Profitability Diagnostic & Cost Driver Analysis

Data Analytics & Automation, Financial Modelling, Business Insights & Performance|DI|

Profitability Diagnostic & Cost Driver Analysis

Uncovering true profitability: how one business transformed pricing strategy with data-driven insights

For many growing businesses, profitability is more complex than revenue minus expenses. When services are bundled, teams wear multiple hats, and data sits in disconnected systems, it's easy to lose sight of what’s really driving, or draining, margin.


This was the case for a growing service-based business with multiple revenue streams spanning software, consulting, and ongoing client support. While the business was expanding steadily, the founders had a lingering concern: Which services were truly profitable? Were some clients inadvertently costing more than they brought in? Their bundled pricing model included support by default, but there was no clear way to assess its impact on profitability.


From Fragmented Data to Financial Clarity


To answer these questions, I first consolidated data from across their operational and financial systems, including payment platforms, accounting software, and time-tracking tools. The goal was simple: create a single source of truth that could show exactly how time, effort, and costs were being distributed across service lines and clients.
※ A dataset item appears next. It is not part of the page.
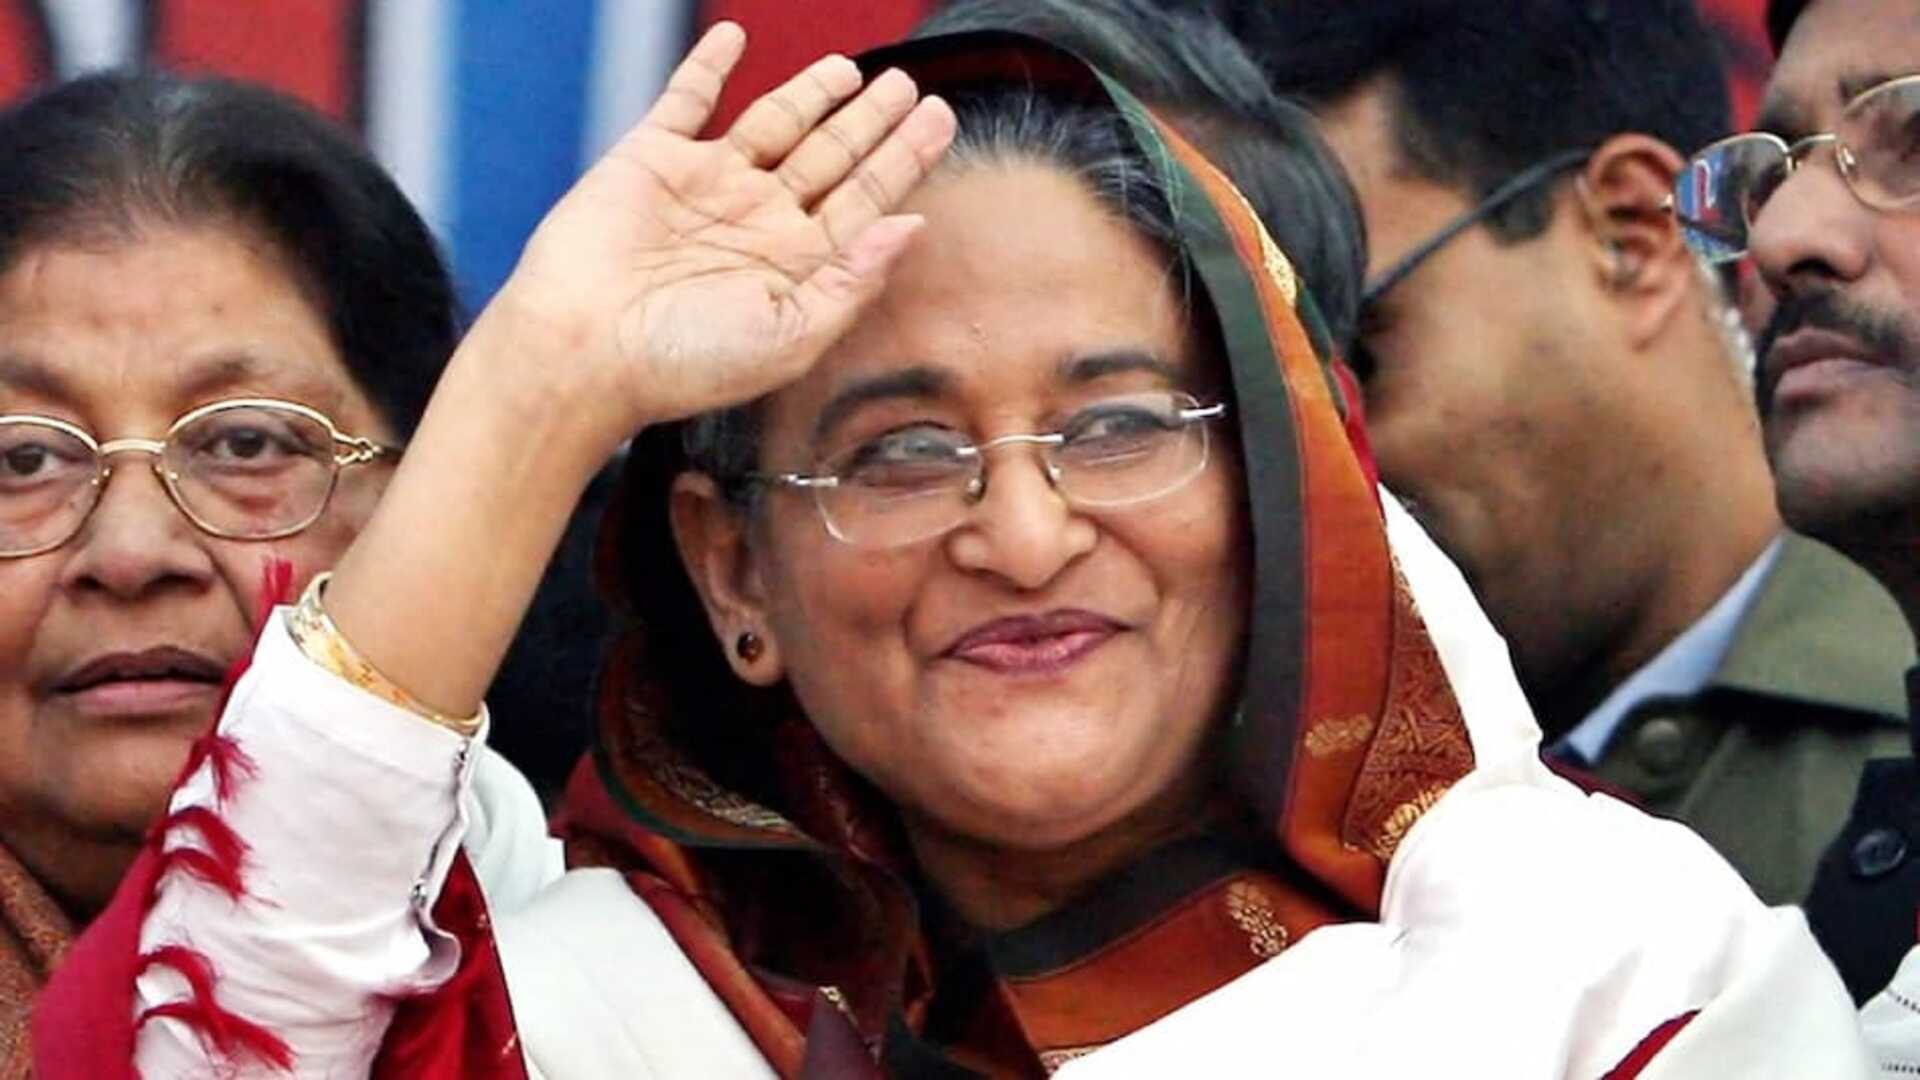 Bangladesh के आम चुनाव में शेख हसीना की जीत, पांचवीं बार बनेंगी पीएम, विपक्ष ने किया था चुनाव का बहिष्कार
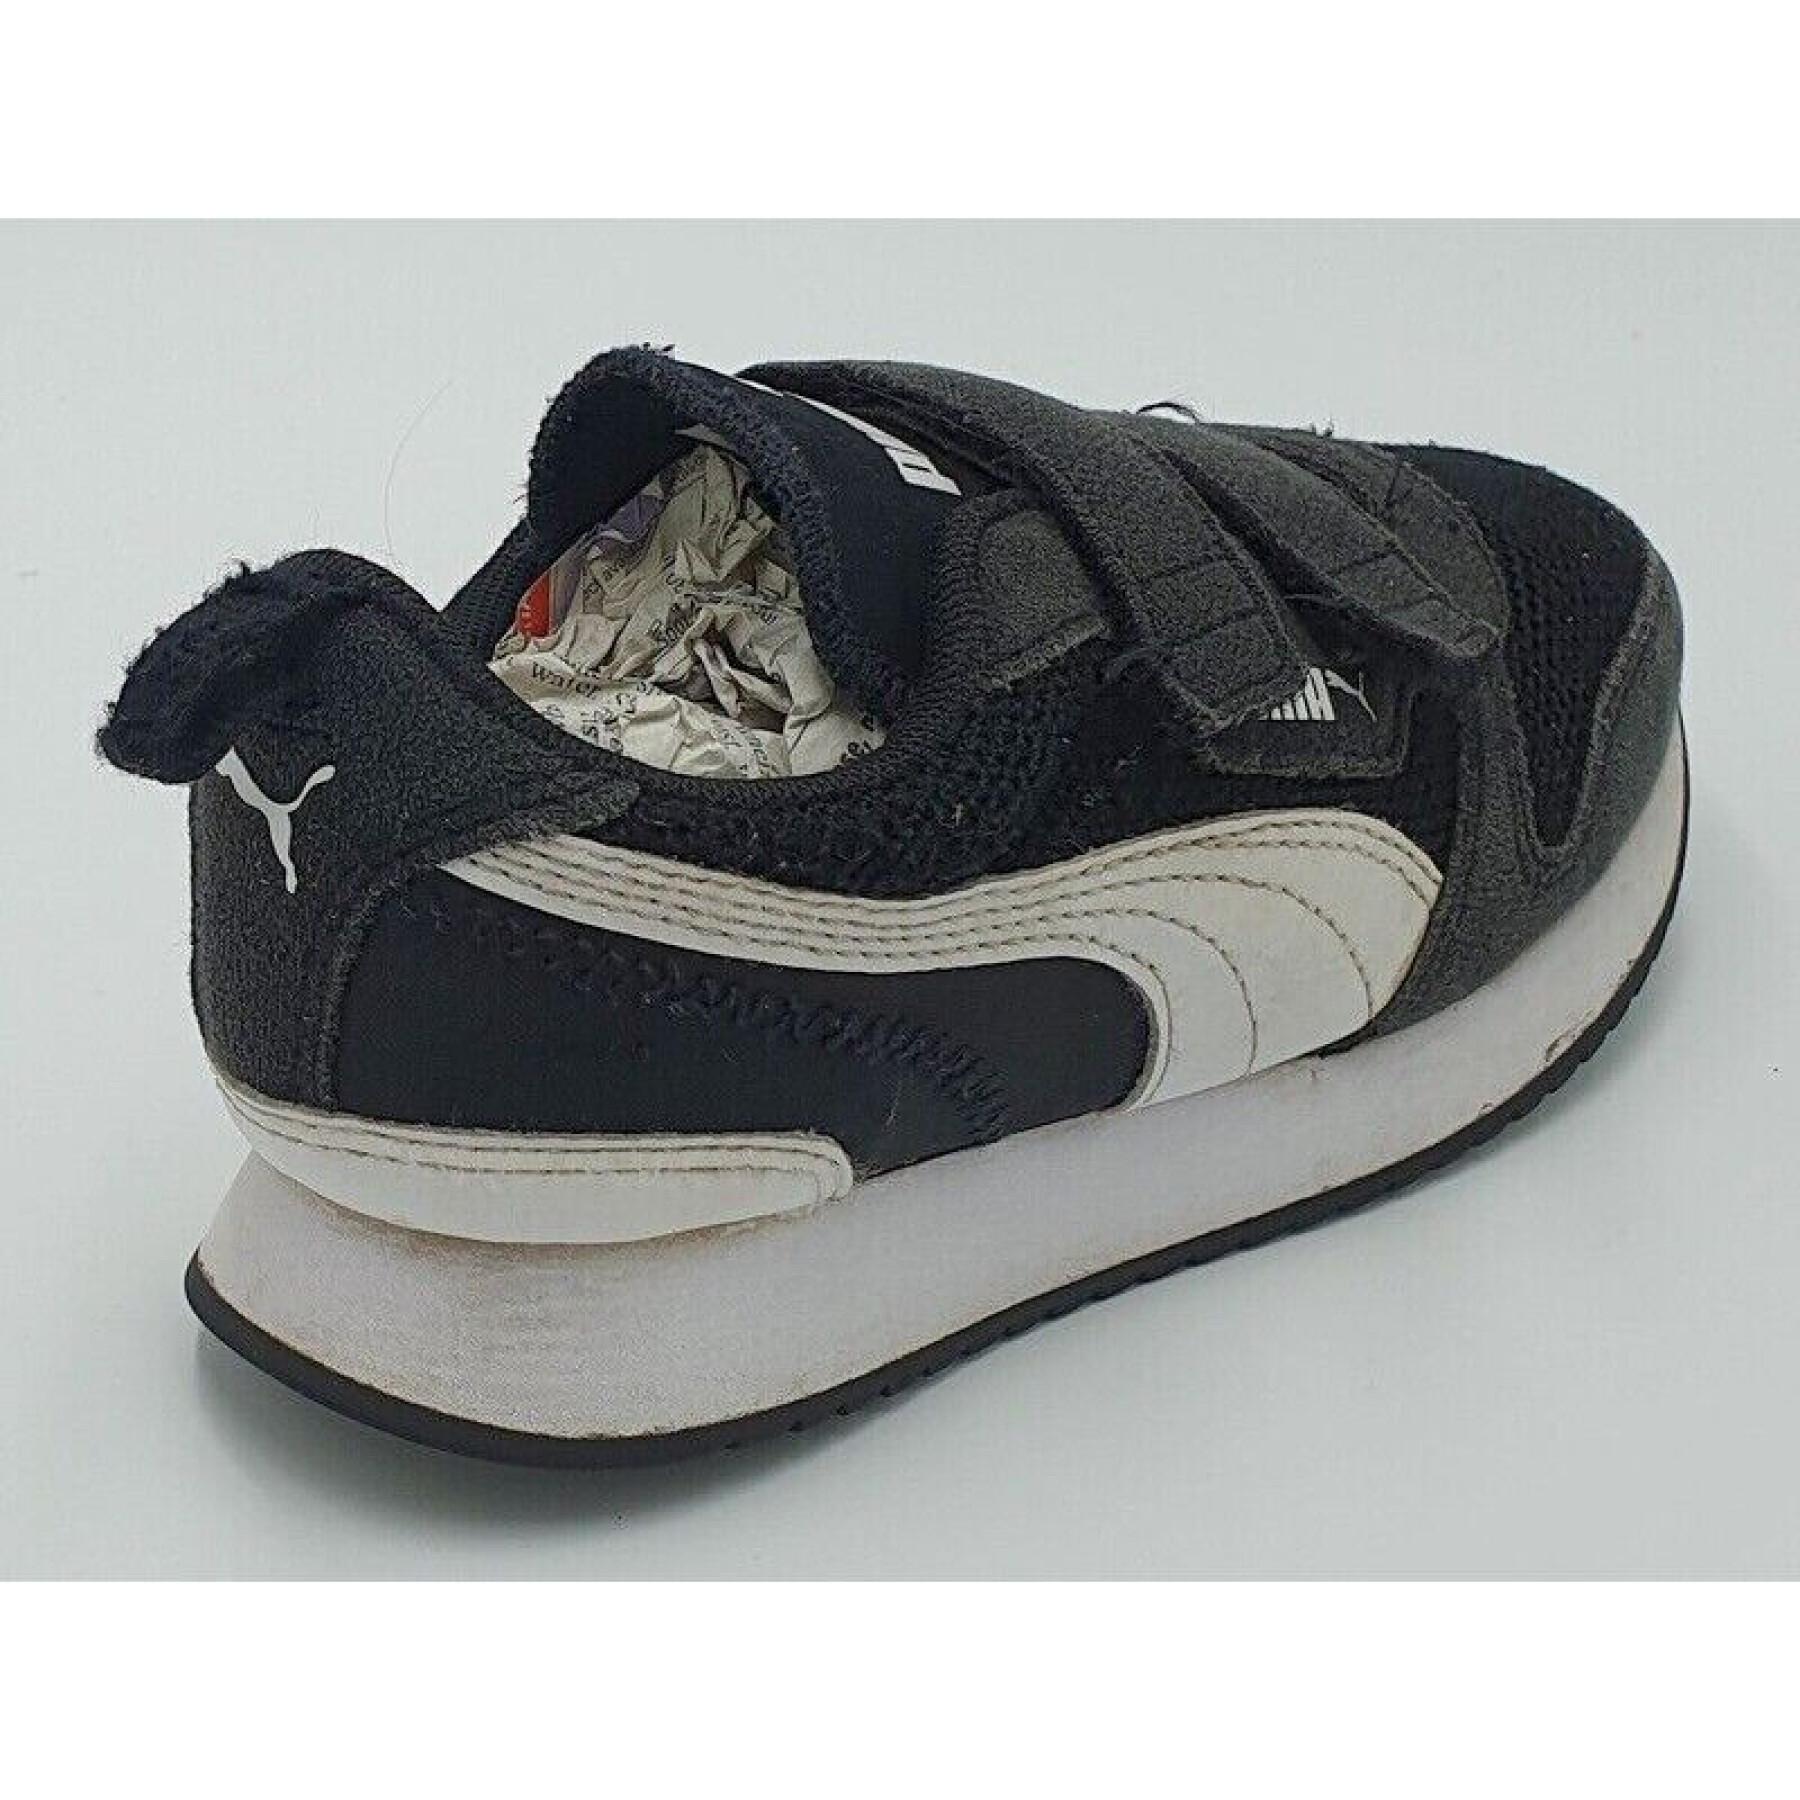 Children's sneakers Puma R78 V Ps E

Key steps in the analysis included:

  • Distinguishing billable vs non-billable effort

  • Allocating shared overhead and delivery costs proportionally across service offerings

  • Mapping each revenue stream and client engagement to its associated resource cost

  • Developing a dynamic margin model that calculated per-client and per-service profitability


Visualising the Insights


Once the model was built, I developed a set of visual analytics tools to bring the numbers to life. These included:

  • Client-level bar charts showing profit and margin

  • Service-line bridges highlighting underperforming areas

  • Variance analysis to flag unexpected margin dips


The visual approach made it easier for founders to quickly understand which clients and services were sustaining the business—and which ones were quietly eroding profitability.


Turning Insight into Action


With a clearer picture in hand, the leadership team could now identify areas where pricing and service models were not aligned with true costs. The profitability model and visual dashboards gave them the ability to review different options with confidence, such as reassessing low-value tiers or exploring value-based pricing alternatives.


The client made the tools part of their monthly business review and reporting process. They emphasised the importance of having clear visibility over client- and service-level profitability, and used the deliverables as an input into ongoing pricing and margin management discussions.


The outputs became a foundation for:

  • Reviewing client-level profitability in monthly performance meetings

  • Testing pricing strategies through scenario modelling

  • Supporting long-term planning with greater margin visibility


Key Tools and Skills Applied

  • SQL Server: for structured data consolidation and transformation

  • Excel: for cost modelling, margin calculations, and scenario analysis

  • Visual analytics: to drive data-led decision-making

  • Strategic pricing frameworks: to shift from bundled cost-plus pricing to value-based models


Conclusion


This engagement is a powerful reminder that when it comes to profitability, what you don’t see can hurt you. With the right data strategy and margin visibility, businesses can make smarter decisions, focus on what truly adds value, and scale sustainably, with confidence in every client relationship.